SANAA // Yemen's Al Qaeda offshoot yesterday released 73 soldiers who had been captured by its fighters during battles with government forces.
Human-rights activists said the release comes after three days of mediation by tribal elders and clerics who convinced the militants - known locally as "Ansar Al Sharia" or Partisans of Islamic Law - to set the soldiers free. The militants had threatened to execute them.
The soldiers were freed in the city of Jaar in the province of Abyan in a ceremony attended by top leaders of Al Qaeda in Yemen, including Qasim Al Raimi, the military leader, said Musa Al Namrani, a human-rights activist who attended the event.
The soldiers were captured in early March during an offensive on the city of Zinjibar in which more than 150 other soldiers were killed.
Negotiators said the release took place after the mediators asked government authorities to halt army attacks on the city, which the militants seized last year and is now one of their primary strongholds.

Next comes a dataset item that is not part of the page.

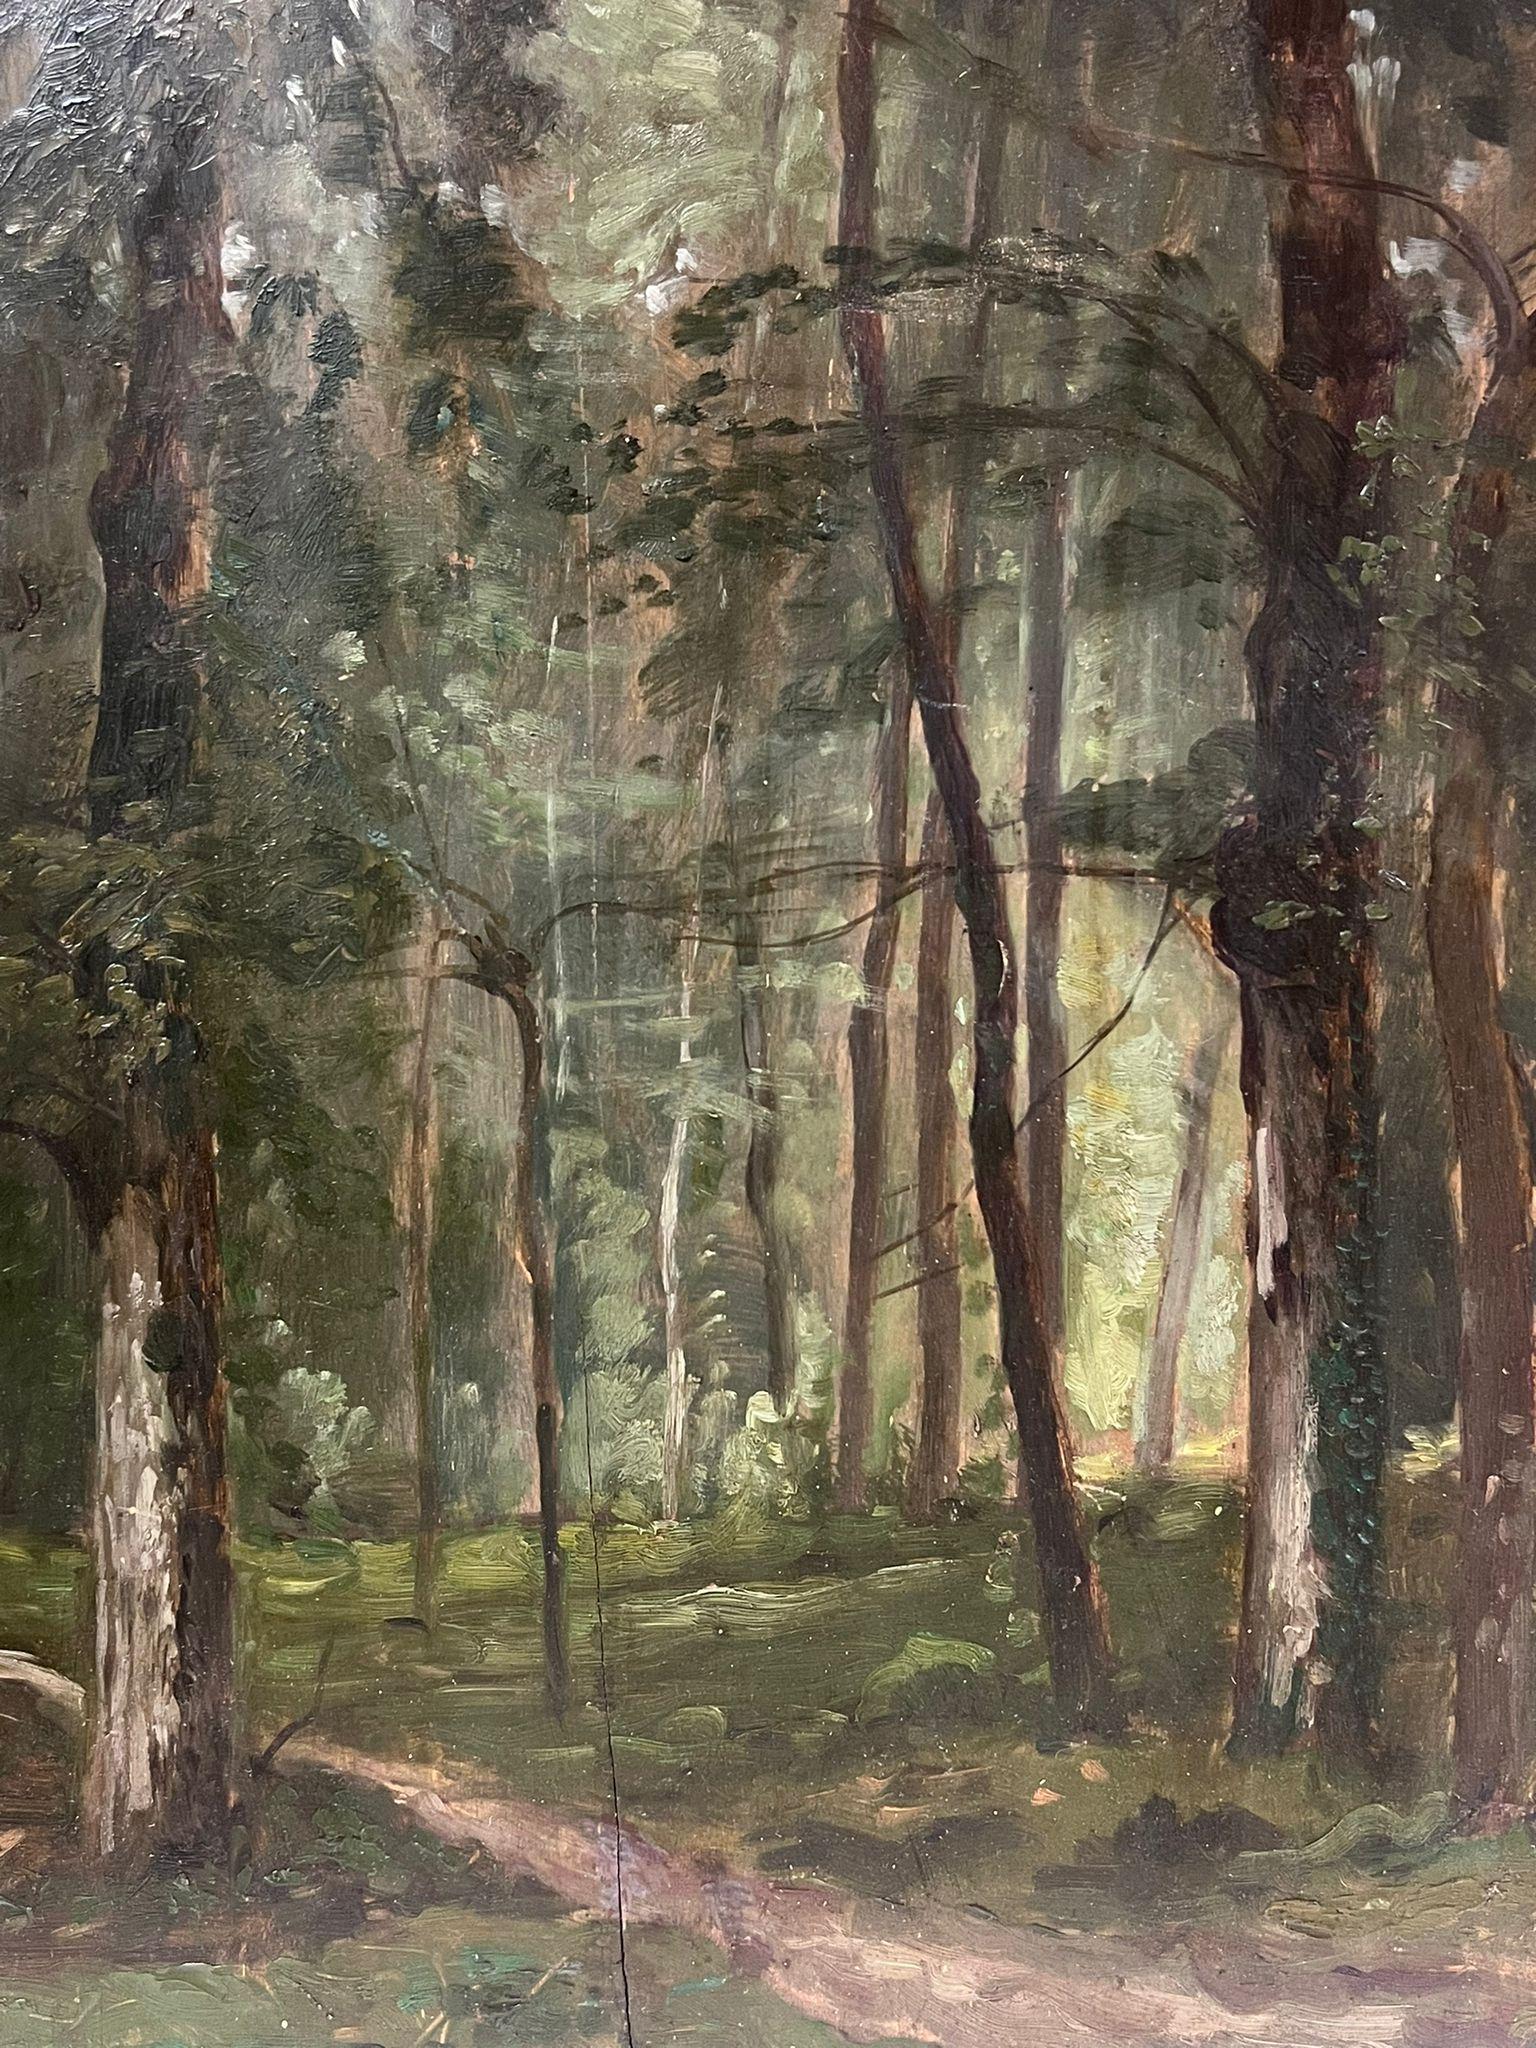 Fine huile de Barbizon du 19ème siècle sur bois cintré Forêt Glade Forest - École de Barbizon Painting par circle of Corot

The militants said in a statement late on Saturday that Nasser Al Wuhayshi, the leader of Al Qaeda in Yemen, had authorised the soldiers' release after negotiations with tribal elders and clerics who visited Jaar.
The soldiers pledged in writing not to fight against Al Qaeda again. They were seen leaving in a lorry and private cars for the city of Aden.
Meanwhile, at least three Al Qaeda militants were killed yesterday in a suspected US drone strike on their vehicle in the northern province of Al Jawf, said local officials and residents.